In a 29-page decision, New York Supreme Court Justice Eileen Bransten in Manhattan ruled that Repsol didn't have standing to sue YPF and BNYMellon over the shareholder vote. Repsol had sought $50 million in damages, alleging that its stake in YPF had been wrongfully diminished and that it missed out on an opportunity to appoint two directors to YPF's board.

On the losing end of the ruling were Repsol's attorneys at Butzel Long, led by Robert Sidorsky. Mauricio Espana and Hector Gonzalez of Dechert represented BNYMellon. Chadbourne & Parke's Thomas Hall represented YPF.

Repsol, a Spanish oil company, acquired a controlling interest in YPF back in 1999. The Argentine government nationalized YPF in April 2012 and expropriated most of Repsol's interest, leaving Repsol a minority shareholder with voting rights in 6 percent of YPF's shares. A shareholder vote to appoint YPF directors was scheduled for June 4, 2012, not long after the expropriation. The deadline for submitting proxy cards was 5 p.m. on May 30, 2012.

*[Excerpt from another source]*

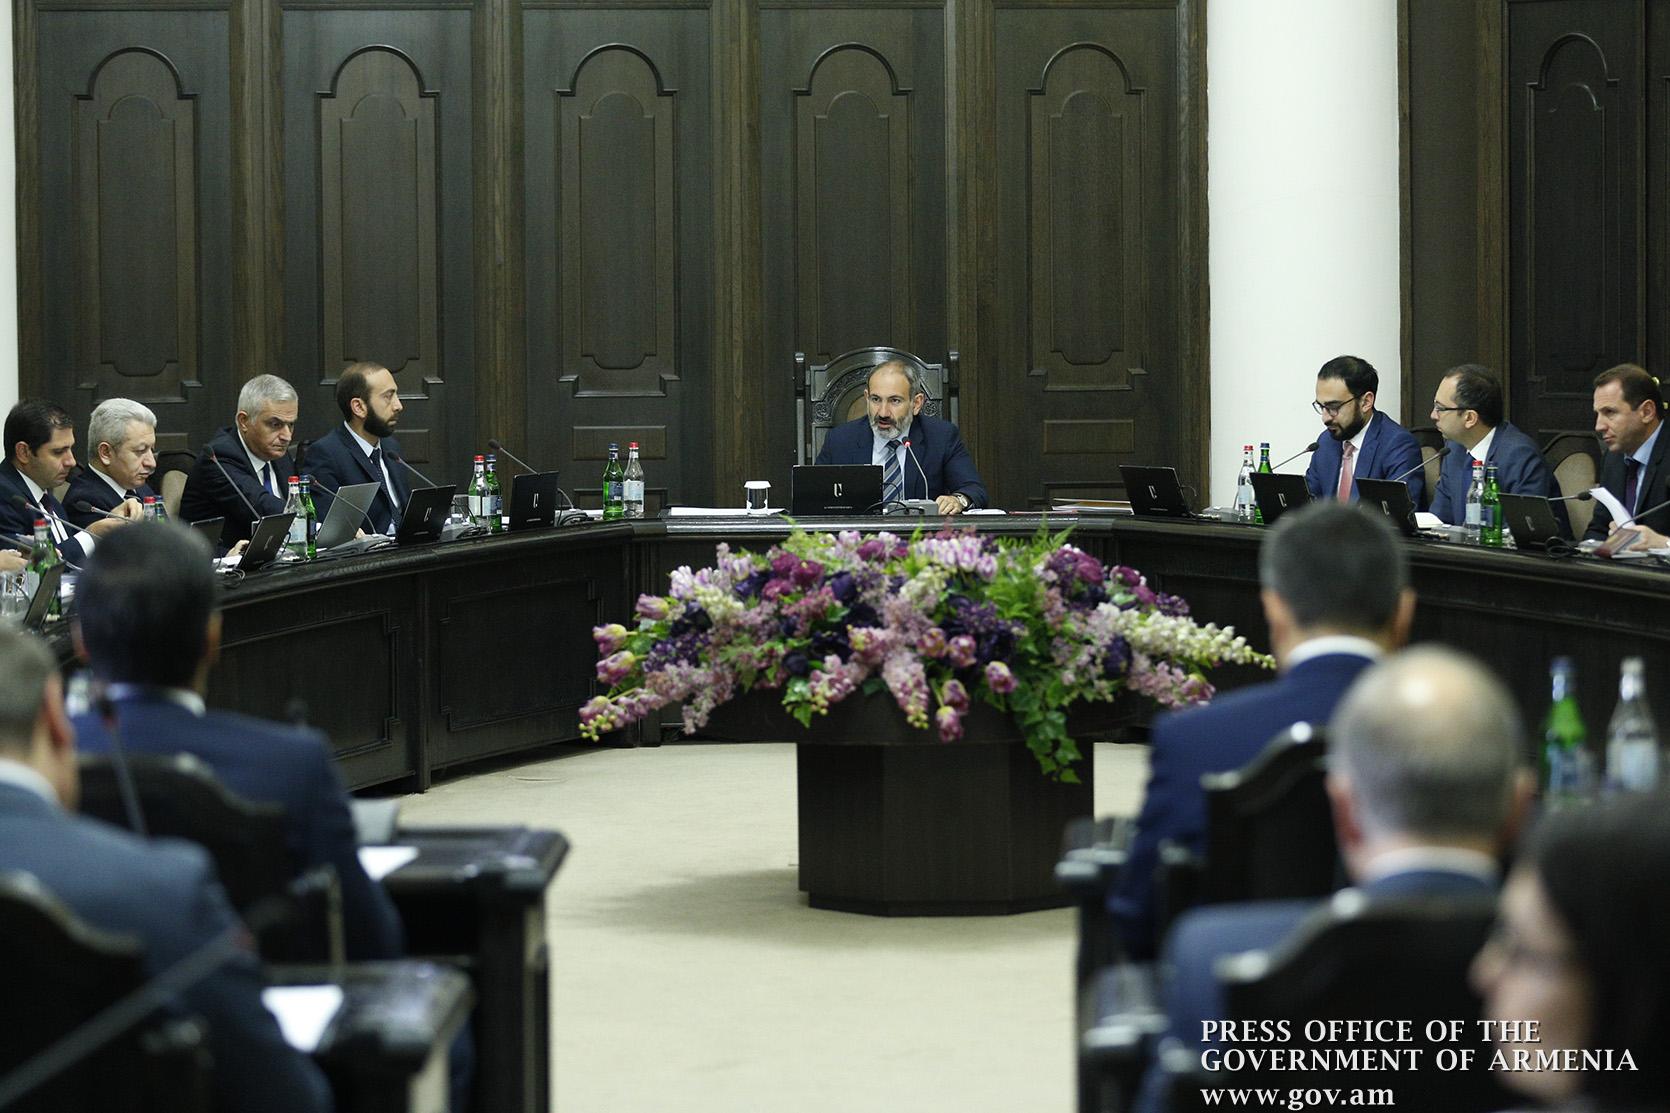 Photo of Մեկնարկել է կառավարության նիստը. օրակարգում 24 հարց կա. ՈՒՂԻՂ

On the day of the deadline, Repsol launched a surprise maneuver to increase its influence in the election and appoint Repsol-friendly directors. It explained that, as part of a financing agreement, it had a security interest in YPF shares owned by a company called Petersen Energia SA. Petersen had defaulted under the terms of the financing agreement, so Repsol said it could vote in Petersen's shoes. Repsol claimed that, with the added benefit of the Petersen shares, it could appoint three directors and two alternate directors to YPF's board.

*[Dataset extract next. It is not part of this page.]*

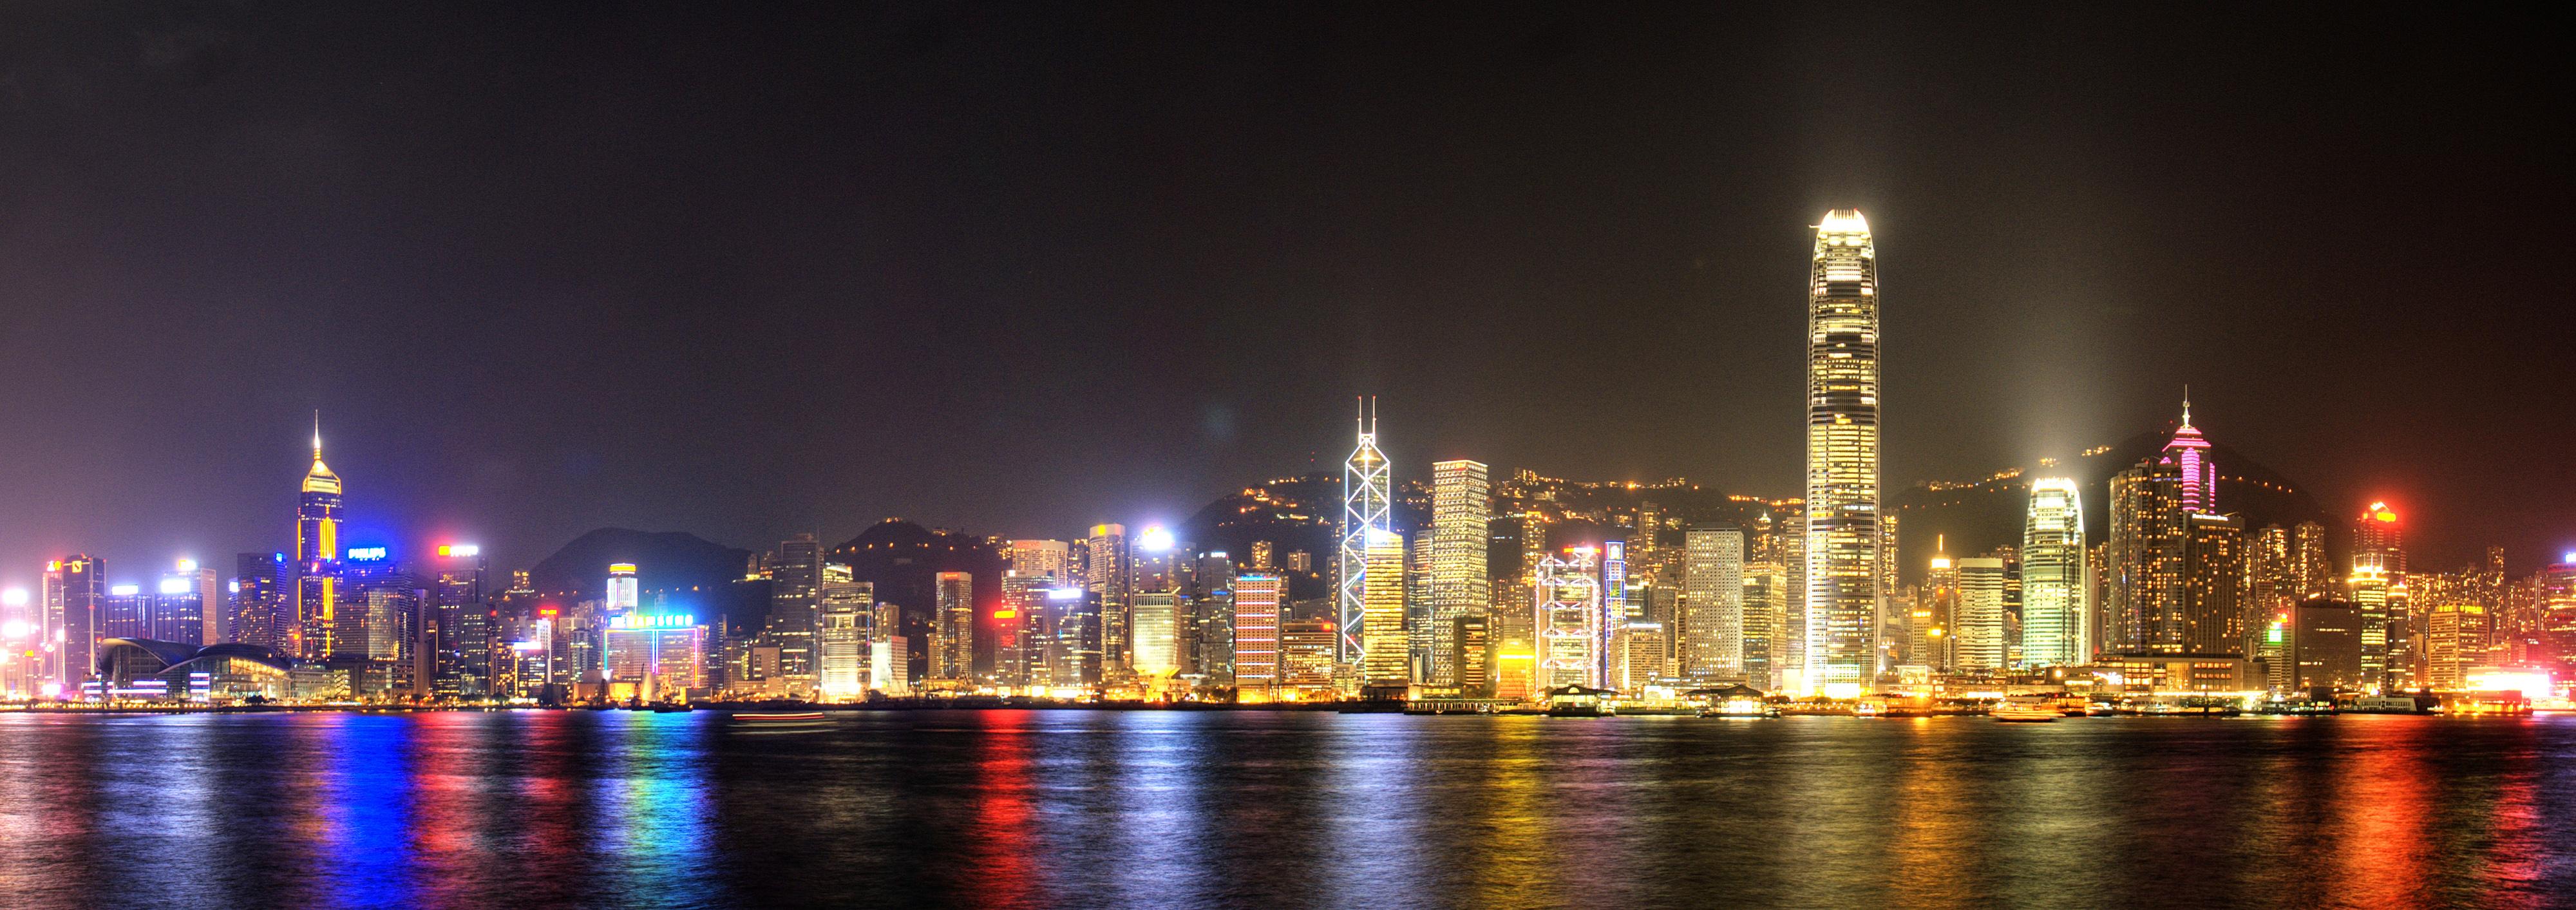 Panoramic_Hong_Kong_cityscape-_International_Finance_Centre,_Central_District._Hong_Kong,_China,_East_Asia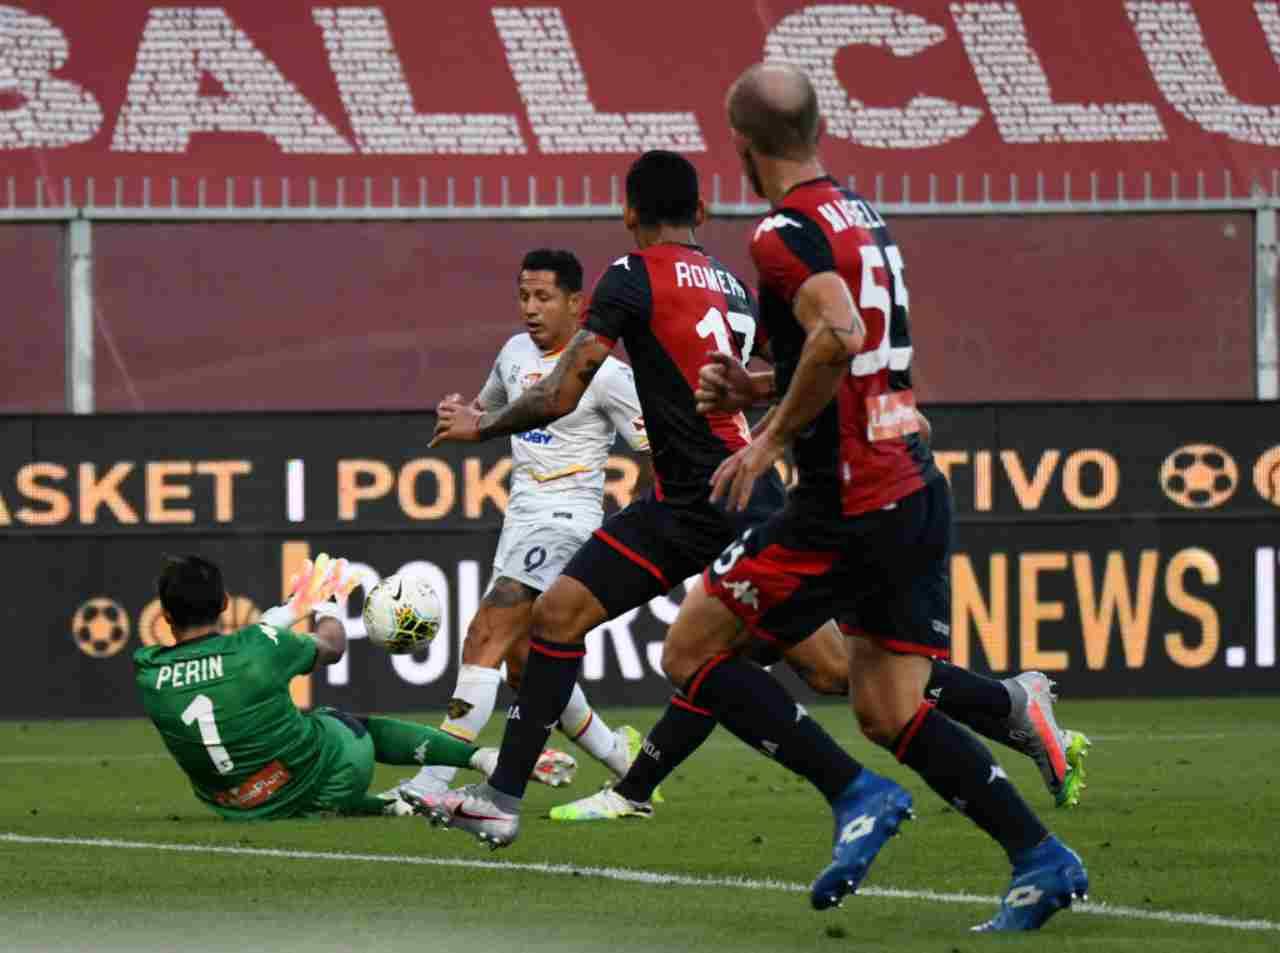 Serie A, highlights Genoa-Lecce: gol e sintesi partita - Video

At 2 p.m. on May 30, 2012, Repsol gave its voting instructions to BNYMellon, which served as the collateral agent for the Petersen shares. BNYMellon said it would only carry out the voting instructions if YPF gave its blessing. YPF told BNYMellon not to carry out the voting instructions. BNYMellon informed Repsol of the denial sometime after the 5 p.m. deadline.

In a July 2012 complaint, Repsol's lawyers at Butzel Long alleged that "because of YPF's improper disallowance of Repsol's voting instructions and BNY's refusal and failure to vote the pledged [shares] in accordance with those instructions, Repsol [was] only able to appoint one director and one alternate director."

That argument didn't get far with Bransten. She ruled in Thursday's decision that the controlling agreements didn't give Repsol the right to sue over the Petersen shares. And, in any event, BNYMellon is shielded from liability as long as it acted in good faith, Bransten ruled.

Back in August, Repsol won a ruling from New York Supreme Court Justice Shirley Werner Kornreich that could help it block YPF's effort to develop the expropriated oil and gas assets. Repsol is also pursuing Spanish litigation against companies that benefited from the expropriation, including Chevron Corp, as the Financial Times reported here.